The population loss of trained deep neural networks often exhibits power law scaling with the size of the training dataset, guiding significant performance advancements in deep learning applications. In this study, we focus on the scaling relationship with data size in the context of medical anatomical segmentation, a domain that remains underexplored. We analyze scaling laws for anatomical segmentation across 15 semantic tasks and 4 imaging modalities, demonstrating that larger datasets significantly improve segmentation performance, following similar scaling trends. Motivated by the topological isomorphism in images sharing anatomical structures, we evaluate the impact of deformation-guided augmentation strategies on data scaling laws, specifically random elastic deformation and registration-guided deformation. We also propose a novel, scalable image augmentation approach that generates diffeomorphic mappings from geodesic subspace based on image registration to introduce realistic deformation.
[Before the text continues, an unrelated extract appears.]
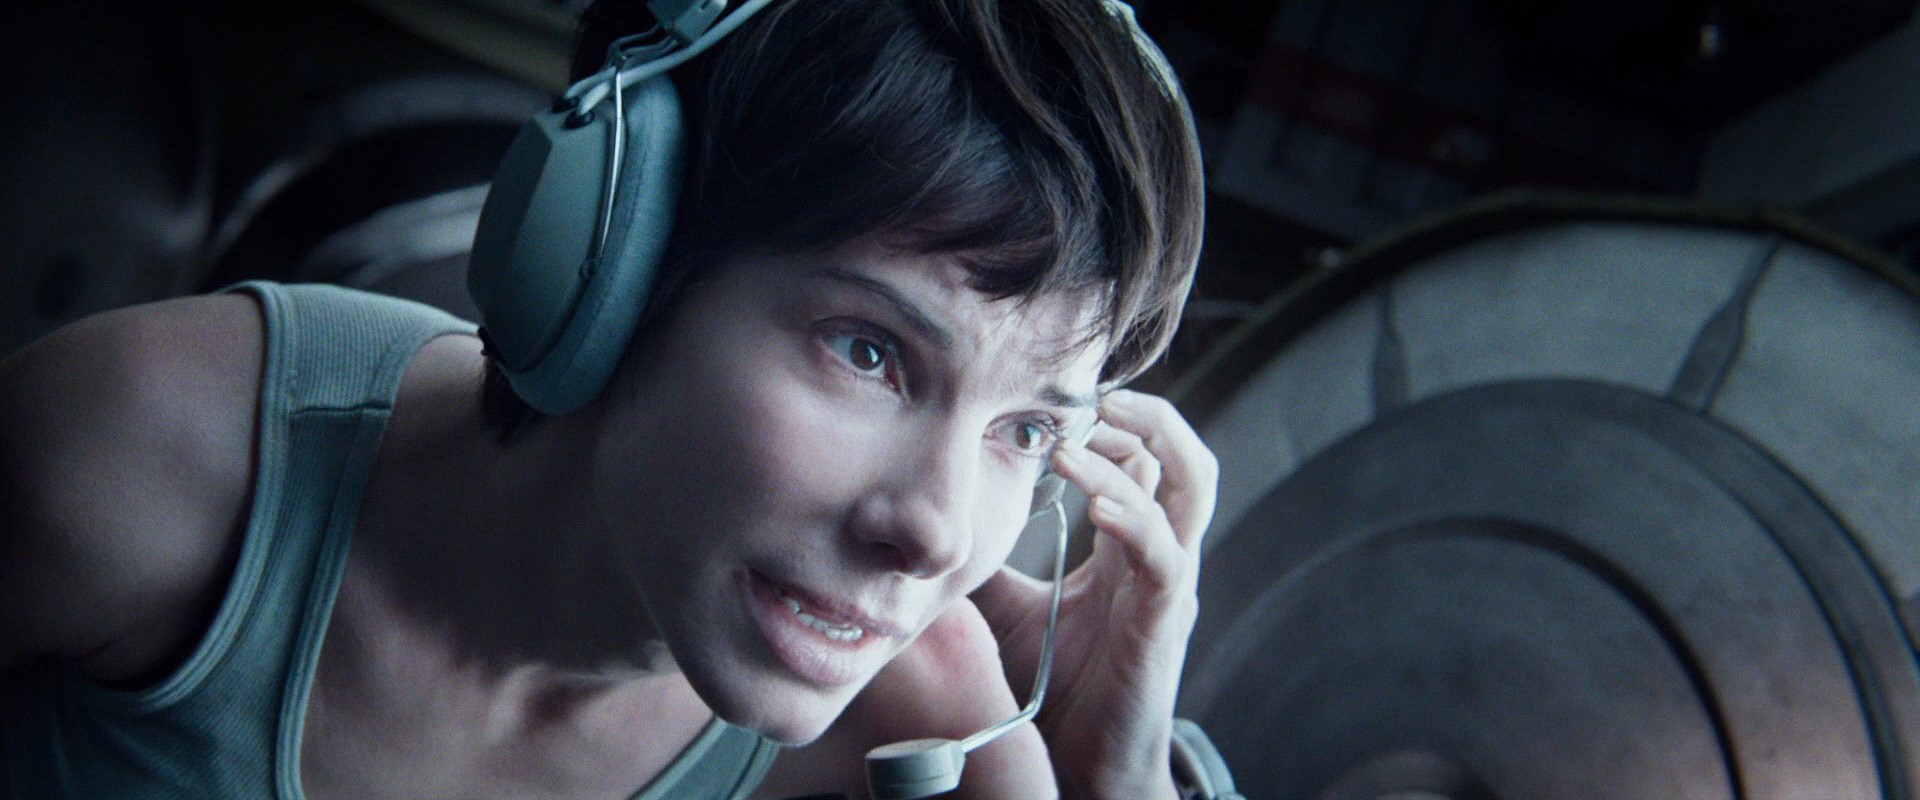 bande annonce gravity hd torrent

Our experimental results demonstrate that both registered and generated deformation-based augmentation considerably enhance data utilization efficiency. The proposed generated deformation method notably achieves superior performance and accelerated convergence, surpassing standard power law scaling trends without requiring additional data. Overall, this work provides insights into the understanding of segmentation scalability and topological variation impact in medical imaging, thereby leading to more efficient model development with reduced annotation and computational costs.

Paper Structure

This paper contains 8 sections, 6 equations, 4 figures, 1 table.

Figures (4)

  • Figure 1: Validation of data scaling law in medical segmentation tasks. We use the BCE loss as the predicted error, and employ both Res-UNet and Swin-UNet as the segmentation backbone.
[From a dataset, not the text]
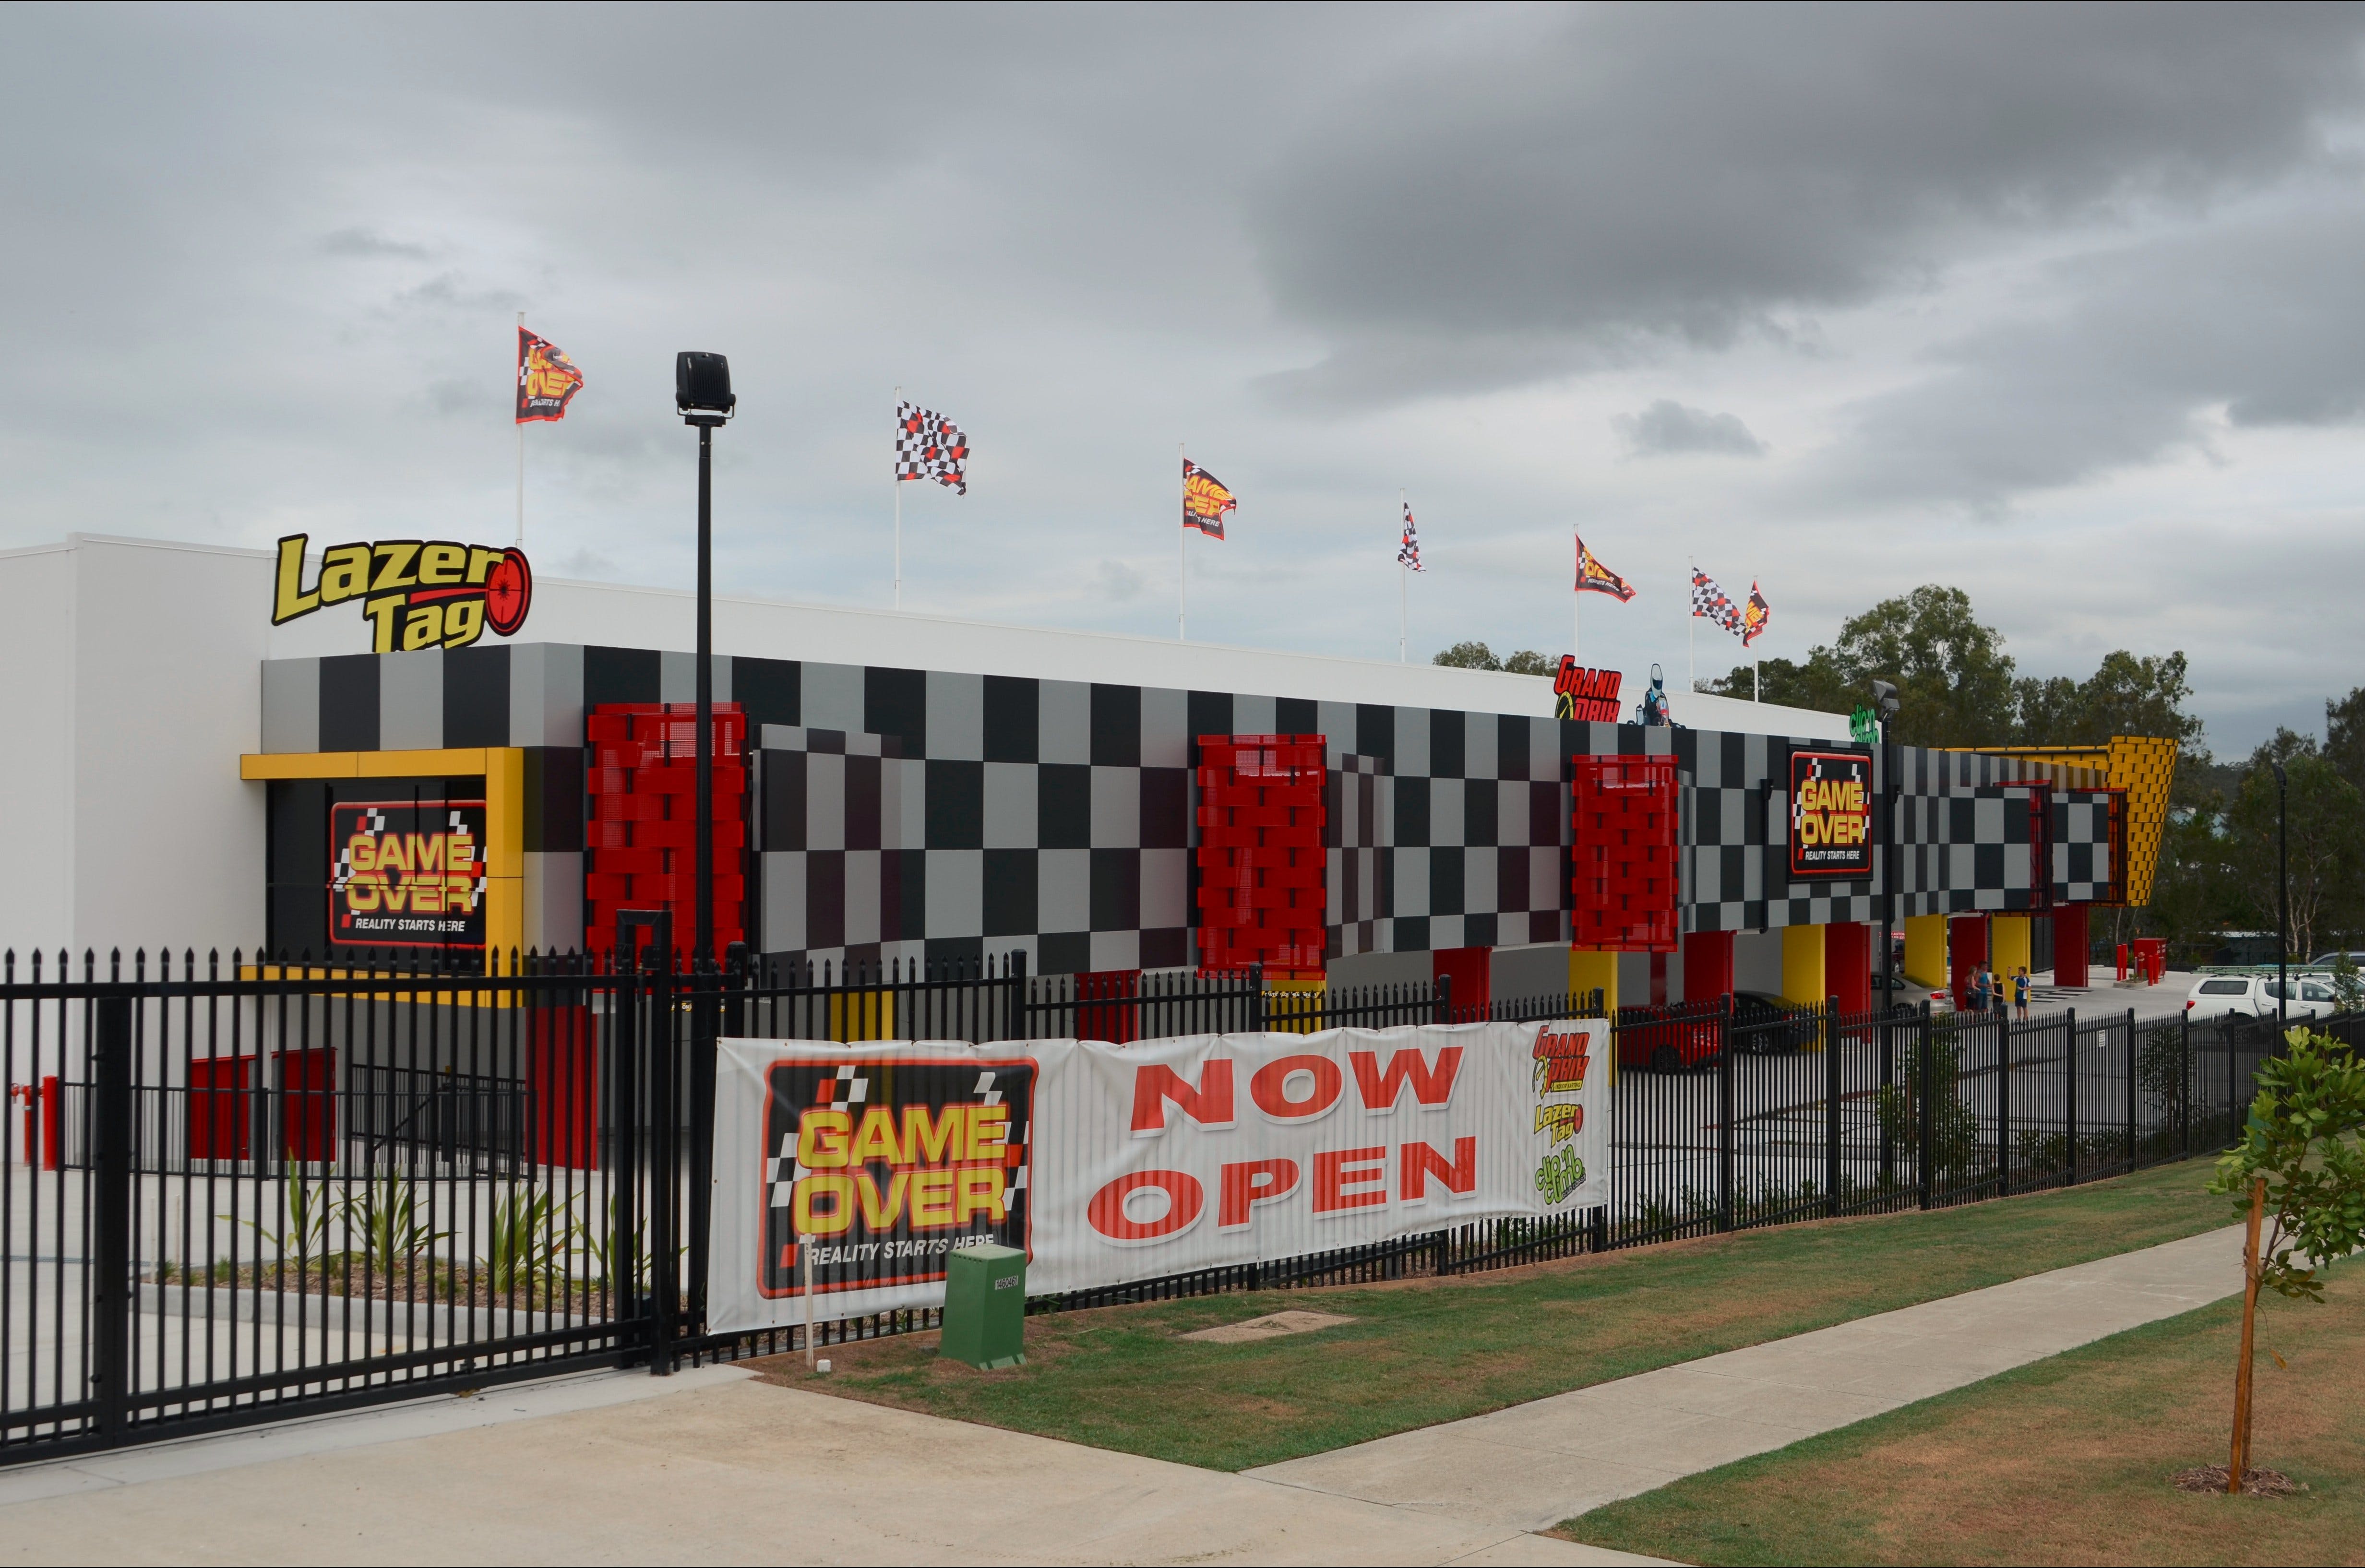 Game Over Indoor Go Karting Adventure Climbing Walls and Lazer Tag Centre - Find Attractions

  • Figure 2: The overview of RegDA and GenDA. (a) Workflow of deformation-based augmentation using registration. Deformation fields are generated by registering raw data with an external dataset, sampled from geodesic subspaces, and applied to transform the data and segmentation annotations. (b) Proposed transformation method based on generated deformation: geodesic subspaces are used to conditionally train a GAN to generate deformation fields, which are then applied to raw data and segmentation annotations for augmentation. This approach reduces reliance on external datasets.
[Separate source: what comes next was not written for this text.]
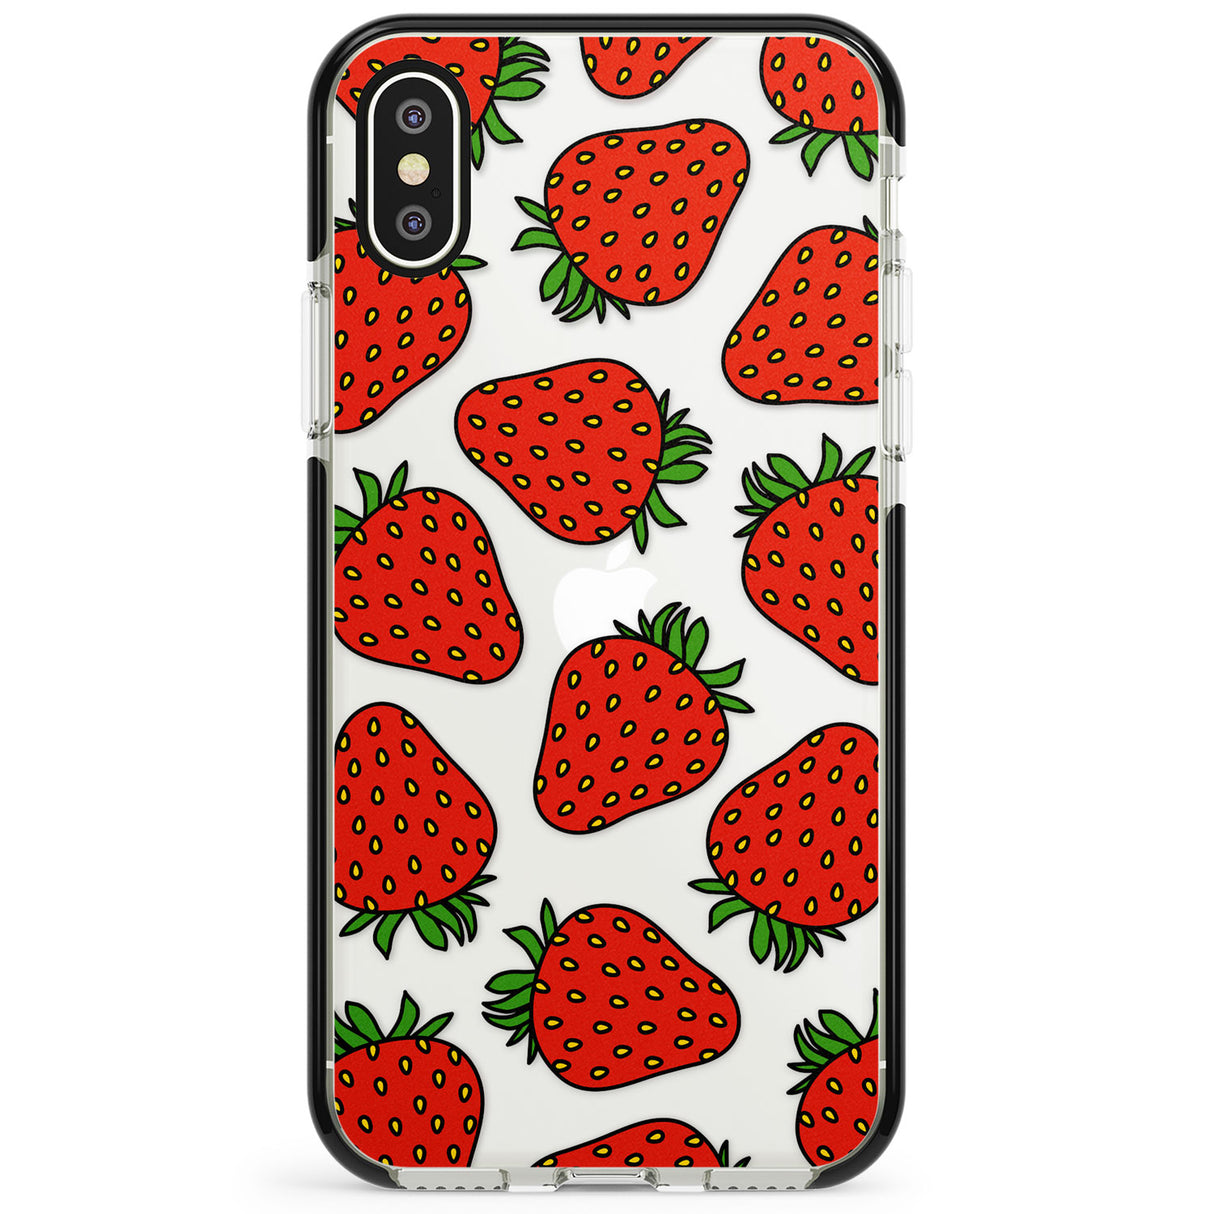 Strawberry Pattern Phone Case for iPhone X XS Max XR

  • Figure 3: Data scaling law comparison of different transformation techniques with the Res-UNet segmentation backbone. Comparison of BCE loss across various medical segmentation tasks for three methods: random elastic deformation (RED), deformation-based augmentation using RegDA, and proposed GenDA.
  • Figure 4: Data scaling law comparison of different transformation techniques with the Swin-UNet segmentation backbone. Comparison of BCE loss across various medical segmentation tasks for three methods: random elastic deformation (RED), deformation-based augmentation using RegDA and proposed GenDA.